BEGIN

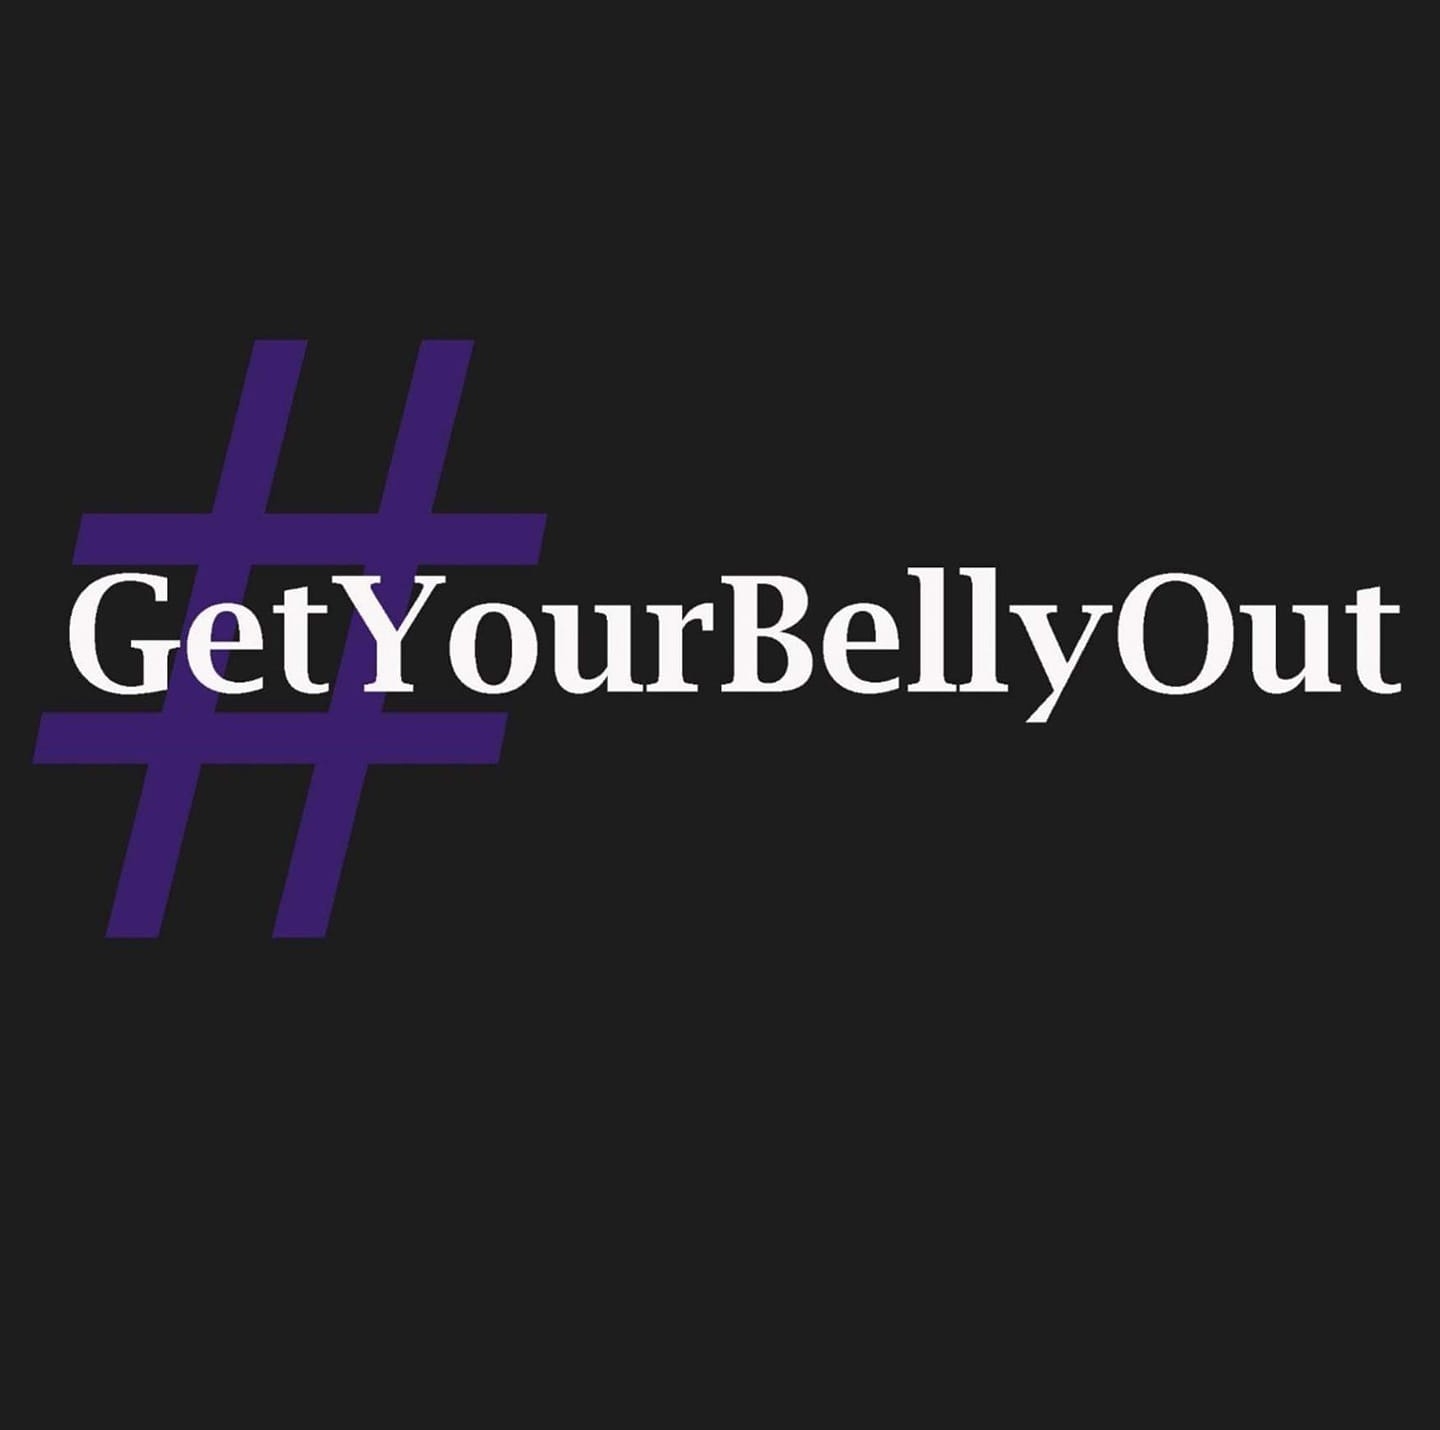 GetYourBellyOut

END
BEGIN

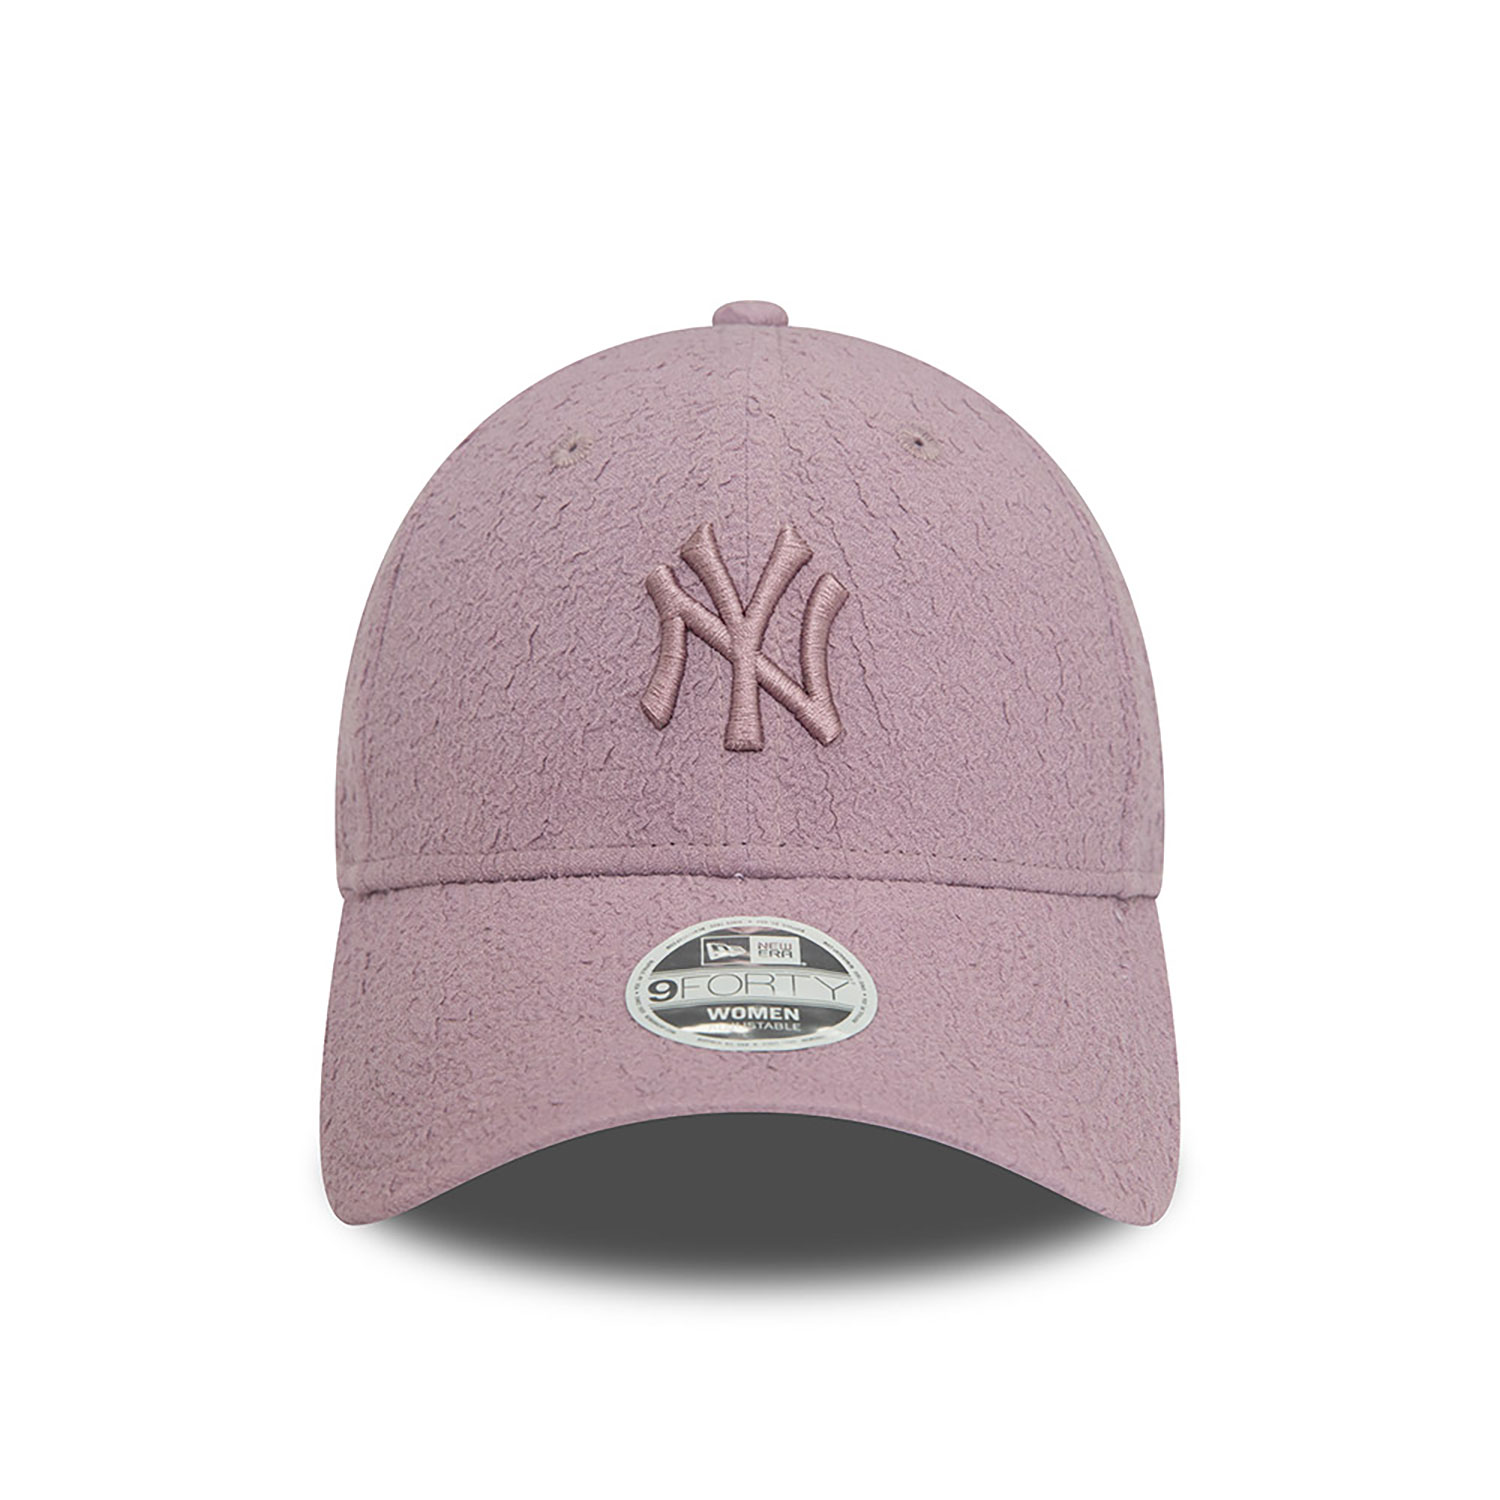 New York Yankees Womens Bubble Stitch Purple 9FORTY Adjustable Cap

END
BEGIN

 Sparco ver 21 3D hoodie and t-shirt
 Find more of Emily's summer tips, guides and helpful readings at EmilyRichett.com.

END

» **Work instructions**:
Every line from the line containing "Sparco ver 21 3D hoodie and t-shirt" through the line containing "Find more of" in the records above must be retyped exactly. Leave out the rest.

» **Answer to this exercise**:
 Sparco ver 21 3D hoodie and t-shirt
 Find more of Emily's summer tips, guides and helpful readings at EmilyRichett.com.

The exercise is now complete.